On Wed, 30 May 2007, Linus Torvalds wrote:

> On Wed, 30 May 2007, Davide Libenzi wrote:
> > 
> > Here I think we are forgetting that glibc is userspace and there's no 
> > separation between the application code and glibc code. An application 
> > linking to glibc can break glibc in thousand ways, indipendently from fds 
> > or not fds. Like complaining that glibc is broken because printf() 
> > suddendly does not work anymore ;)
> 
> No, Davide, the problem is that some applications depend on getting 
> _specific_ file descriptors.
> 
> For example, if you do
> 
> 	close(0);
> 	.. something else ..
> 	if (open("myfile", O_RDONLY) < 0)
> 		exit(1);
> 
> you can (and should) depend on the open returning zero.
> 
> So library routines *must not* open file descriptors in the normal space.
> 
> (The same is true of real applications doing the equivalent of
> 
> 	for (i = 0; i < NR_OPEN; i++)
> 		close(i);
> 
> to clean up all file descriptors before doing something new. And yes, I 
> think it was bash that used to *literally* do something like that a long 
> time ago.

Right. I misunderstood Uli and Ingo. I thought it was like trying to 
protect glibc from intentional application mis-behaviour.

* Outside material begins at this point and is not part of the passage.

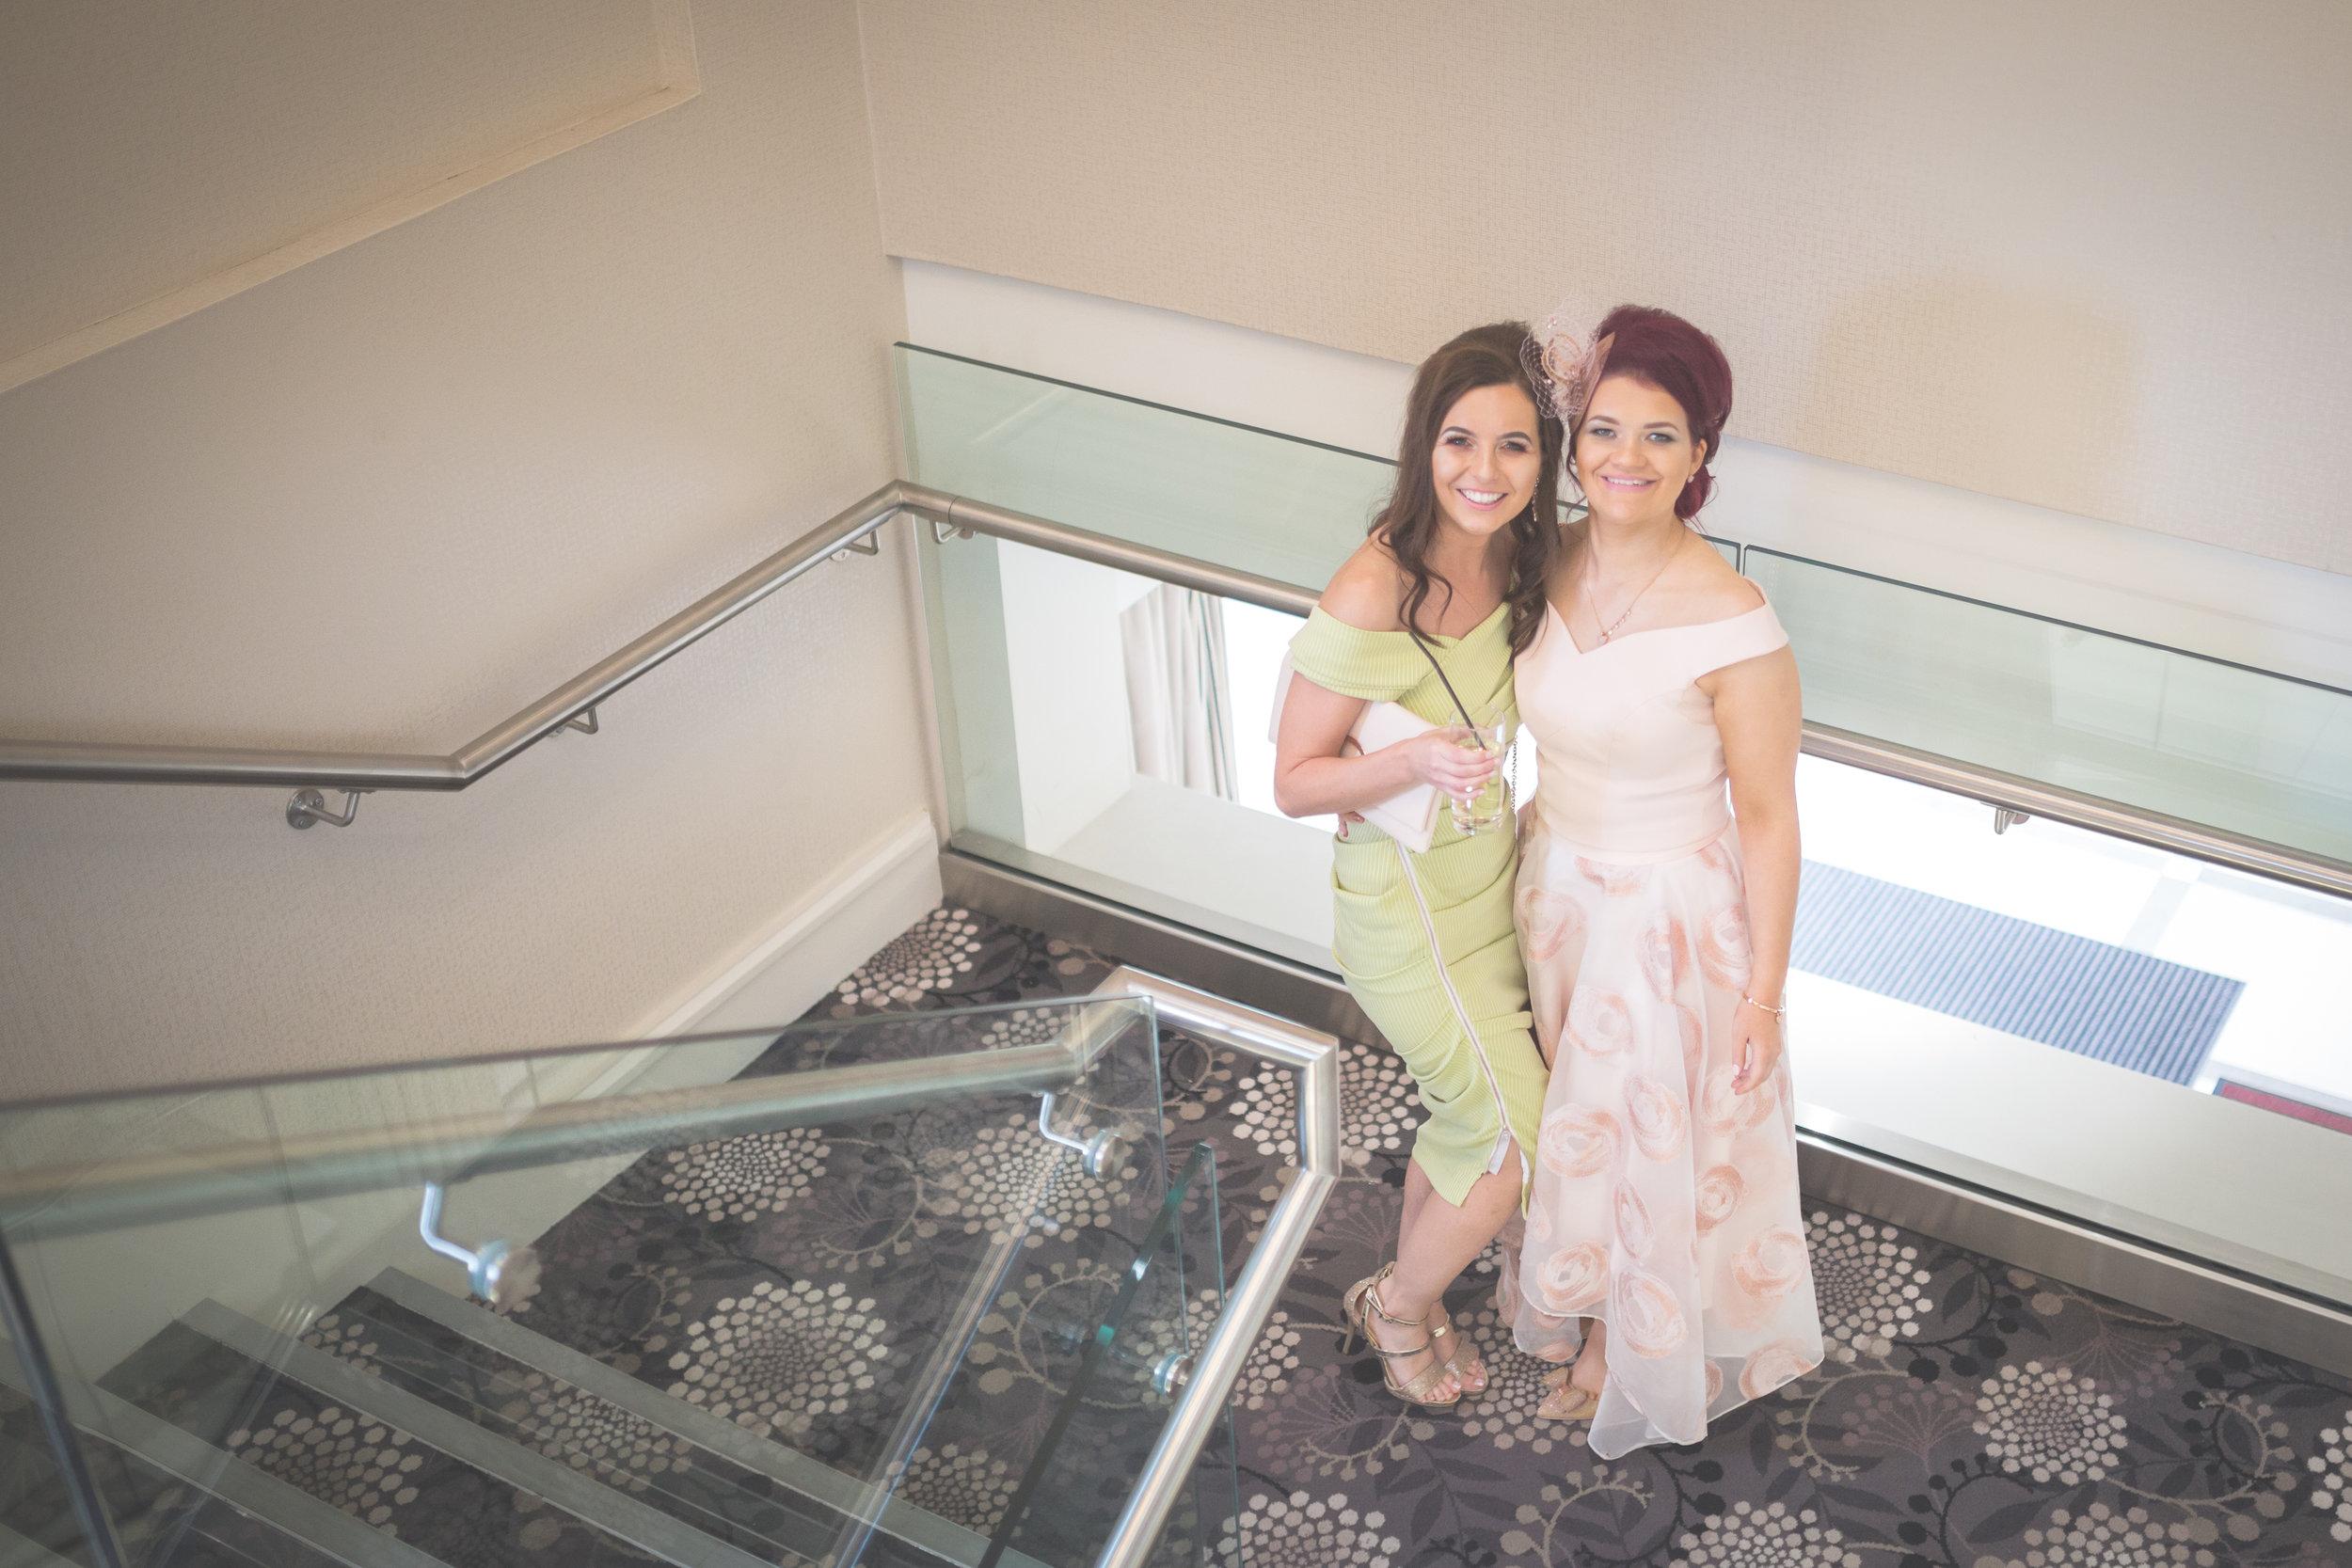 Antoinette & Stephen - Portraits   Brian McEwan Photography   Wedding Photographer Northern Ireland 112.jpg

> Another example of the same thing: people open file descriptors and know 
> that they'll be "dense" in the result, and then use "select()" on them.
> 
> So it's true that file descriptors can't be used randomly by the standard 
> libraries - they'd need to have some kind of separate "private space".
> 
> Which *could* be something as simple as saying "bit 30 in the file 
> descriptor specifies a separate fd space" along with some flags to make 
> open and friends return those separate fd's. That makes them useless for 
> "select()" (which assumes a flat address space, of course), but would be 
> useful for just about anything else.

I think it can be solved in a few ways. Yours or Ingo's (or something 
else) can work, to solve the above "legacy" fd space expectations.